As part of that research, these surveys were identified through database searches for studies of fear of crime and victimization. To be eligible for inclusion, the studies must have tested the relationship between victimization and fear of crime (i.e. at least reported the correlation between the two). However, that did not have to be the main focus of the study, it was simply necessary for the published results to statistically examine the relationship between fear and victimization in some manner. Several broad search terms were used so that studies using any measures of “fear” would be found. For instance, one keyword combination searched for studies including the word “survey” and “victim” (or “victimization”). Thus the results included surveys that used measures of perceived safety, perceived risk, and worry about crime/victimization as the search strategy did not require use of the term “fear of crime.” For full details, see Yang and Hinkle (2012).
All interviewers were trained by an experienced survey researcher prior to the beginning of the project. Additionally, the survey was first piloted in a city removed from the study. All interviewers were required to satisfactorily complete pilot shifts before calling respondents in the study sample.
Specifically, the database used was Powerfinder—a comprehensive reverse directory of phone numbers containing address information collected and sold by INFOUSA. For Redlands and Colton the PowerFinder database was supplemented with a list of phone numbers on the study blocks provided by each city’s water department. It is important to note that like all recent telephone survey research, some households could be excluded from possible inclusion due to lacking landlines as cell phone numbers are not included in such reverse directory databases. Unlisted numbers would be excluded as well. However, the threat of bias here is no greater than in other recent phone survey research on fear of crime (see footnote 9), and thus should not pose a threat in making comparisons to such work.
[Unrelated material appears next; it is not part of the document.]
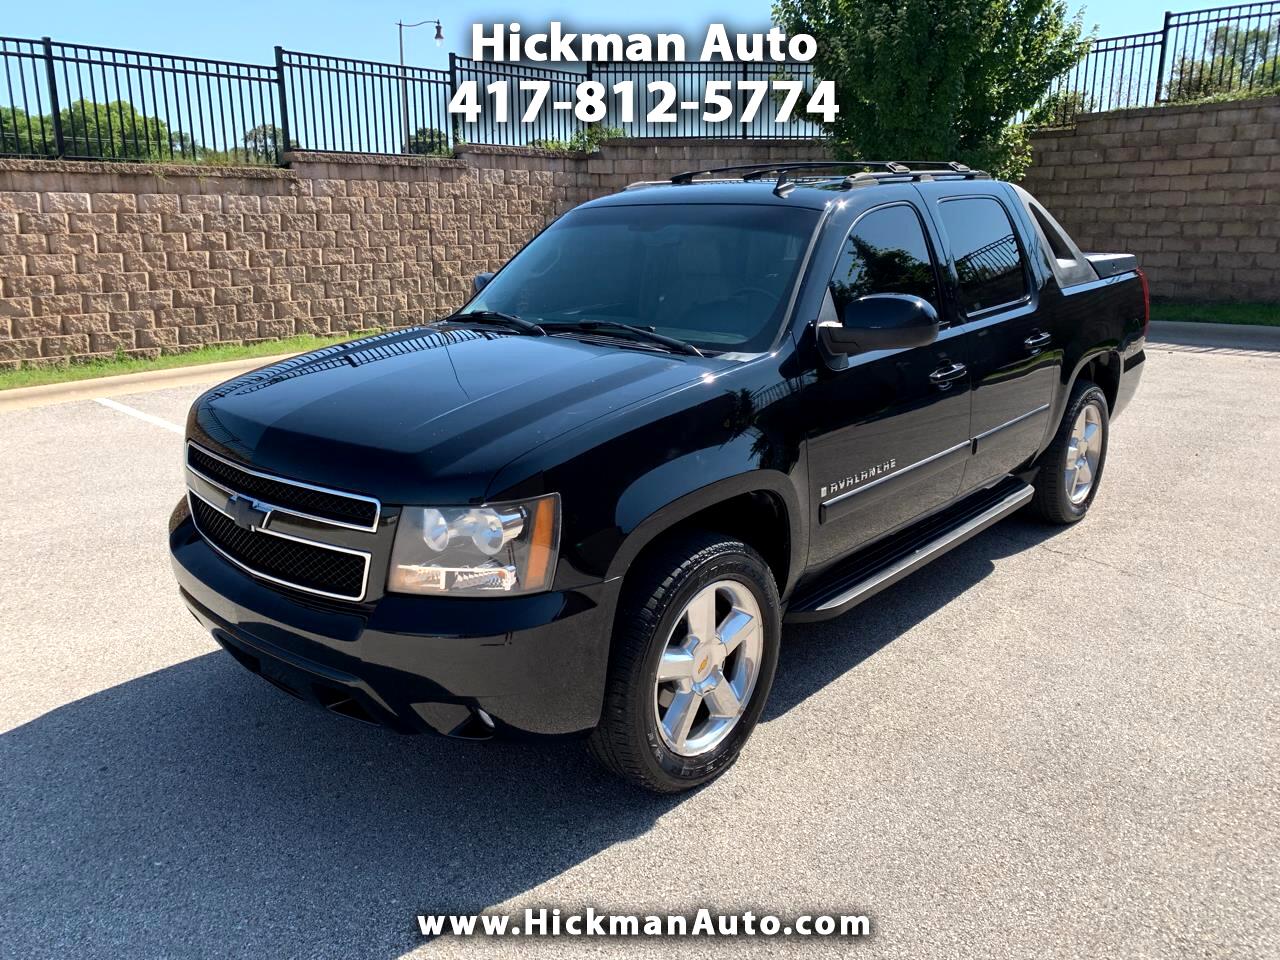 Used 2007 Chevrolet Avalanche Ltz 4wd For Sale In

For each street block in the study, all of the households/businesses present in the database were entered into an SPSS file (one file per street block). A random number variable was created in each file, and the cases were then sorted in ascending order on this variable. Numbers were then called until all were exhausted or the target of ten completed surveys was reached. The limit of ten was set as study blocks had to have a minimum of only seven households/businesses present in the telephone database to be eligible for inclusion in the study. Knowing that there would be some streets where only three to five surveys were likely to be completed, it was decided to set the maximum for one street block to ten to avoid oversampling certain blocks and biasing the data. Furthermore, power analyses showed high levels of statistical power with only 3.5 respondents per block (or complete details on the survey methodology, see Weisburd, Hinkle, Famega, & Ready, 2012).
Every attempt was made to obtain completed surveys from valid phone numbers. Specifically, an address/phone number was only dropped from the study under three conditions. First, if the person was irate or threatening on the first contact. Second, if the person verbally refused to take the survey on two separate calls (at least 2 days apart). Third, if there was no answer after five attempts on different days/times.
Business owners/managers were chosen as it was presumed that they would be more invested in the street than other workers. In other words, they were assumed to be more similar to people who lived on the blocks compared to workers and were chosen to keep the sampling logic consistent. The goal was to survey people who would presumably be familiar with the social and physical environment of that street block, and thus residents and owners/managers were deemed the best fits with the reasoning being that those groups would presumably be more attached to/involved with the area than a general employee.
The cooperation rate excludes cases that were coded as chronic no answer/busy/answering machine (n = 307) and cases where there was a language (not an English or Spanish speaker) or cognitive barrier (N = 59) from the denominator.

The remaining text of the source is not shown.